Cela déstabilise les institutions et abîme l’image du pays.

Cet évènement nous éclaire simplement sur le fait que rien ne change, et que le régime algérien n’apprend rien de ses erreurs du passé.

Les médias algériens, dont certains se sont dits victimes de censure, ont largement dénoncé une désinformation du gouvernement, assurant même parfois qu’Abdelaziz Bouteflika ne serait pas en France mais rentré en Algérie et dans un état grave. Comment les Algériens perçoivent ils cette situation ?

Kader Abderrahim : Le peuple algérien n’attend plus rien de ses dirigeants.
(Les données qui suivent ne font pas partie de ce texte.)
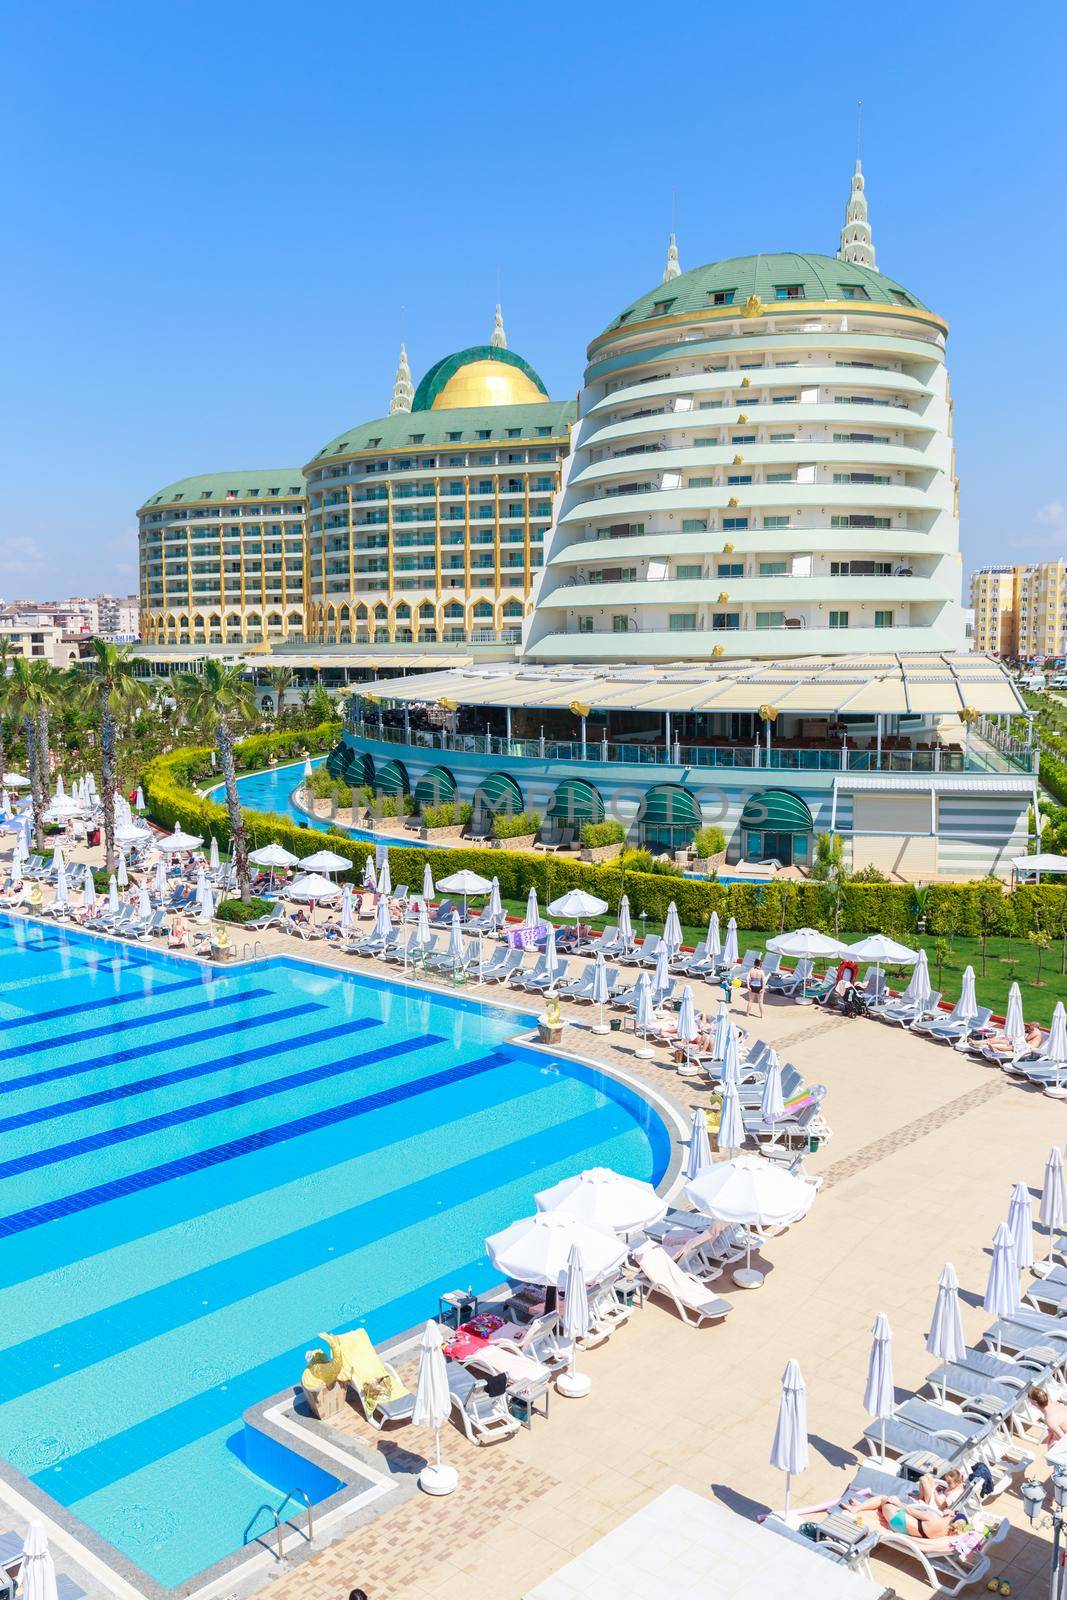 ANTALYA, TURKEY - MAY 11, 2014: Delphin Imperial hotel with swimming pool on MAY 11, 2014 in Antalya.

L’hospitalisation d’Abdelaziz Bouteflika et la communication autour de cet événement, n’est qu’un nouvel avatar d’un régime à bout de souffle.

L’Algérie est peut-être aujourd’hui le seul pays au monde qui soit à la recherche de son Président. Un Président qui, en retour, montre un très grand mépris pour sa population. C’est une situation bloquée, paralysée et les Algériens savent qu’ils n’ont rien à attendre de leur gouvernement. Bien qu’il y ait eu un certain nombre de communiqués, notamment du Quai d’Orsay, les informations se contredisent, il y a beaucoup d’à peu près et rien n’est vérifiable.

Il n’y a donc rien à attendre si ce n’est de compter les jours qui nous séparent de son retour pour enfin comprendre et savoir.

Aujourd’hui, quelles seraient les conséquences d’une incapacité de gouverner du président Bouteflika ?

Kader Abderrahim : En principe, et selon les termes de la Constitution, c’est le président du Sénat qui doit assurer l’intérim en cas d’empêchement du Président de la République.  C’est donc au président la chambre basse que revient la responsabilité de préparer l’élection présidentielle, d’organiser ce scrutin, ainsi que la campagne électorale.

C’est une situation qui doit désormais être envisagée car nous pouvons commencer à croire qu’Abdelaziz Bouteflika se retirera de la vie politique dans les mois qui viennent. Maintenant où dans un an, lors de la prochaine élection présidentielle.

Vous estimez donc qu’il ne tentera plus, comme il le laissait entendre récemment, de modifier la Constitution afin de briguer un quatrième mandat ?

Kader Abderrahim : Cela va maintenant être très difficile pour lui. Il n’a pas présidé de conseil des ministres depuis plusieurs mois, depuis la révélation de sa maladie en 2005, son rythme de travail s’est fortement ralenti, alors que la gestion des affaires d’Etat nécessite une présence constante. Il passe désormais le plus clair de son temps chez lui.

Le problème majeur est désormais la question de la succession. Comme sera-t-elle gérée par le régime ? Quels sont les prétendants ? Autant de questions qui occupent désormais le sérail politique à Alger.

Pensez-vous que l’Algérie soit prête à l’après-Bouteflika ?

Kader Abderrahim : Il ne faut pas se leurrer, le prochain président sera issu du Sérail. Il n’y a aucun changement à attendre.

Le successeur d’Abdelaziz Bouteflika sera un homme de compromis et il ne faut en aucun cas attendre de bouleversements.

Aucune des personnalités qui prétendent à sa succession ne s’impose réellement. Il y aura des candidats, mais une fois encore, on ne parlera pas de projet ou d’idées, mais d’enjeux de personnes.

La stratégie d’Abdelaziz Bouteflika de « diviser pour mieux régner » a fonctionné. Les centres de décisions ont été atomisés, aucun dauphin n’a été désigné. L’inquiète sur l’après-Bouteflika est désormais un des éléments de la vie politique algérienne.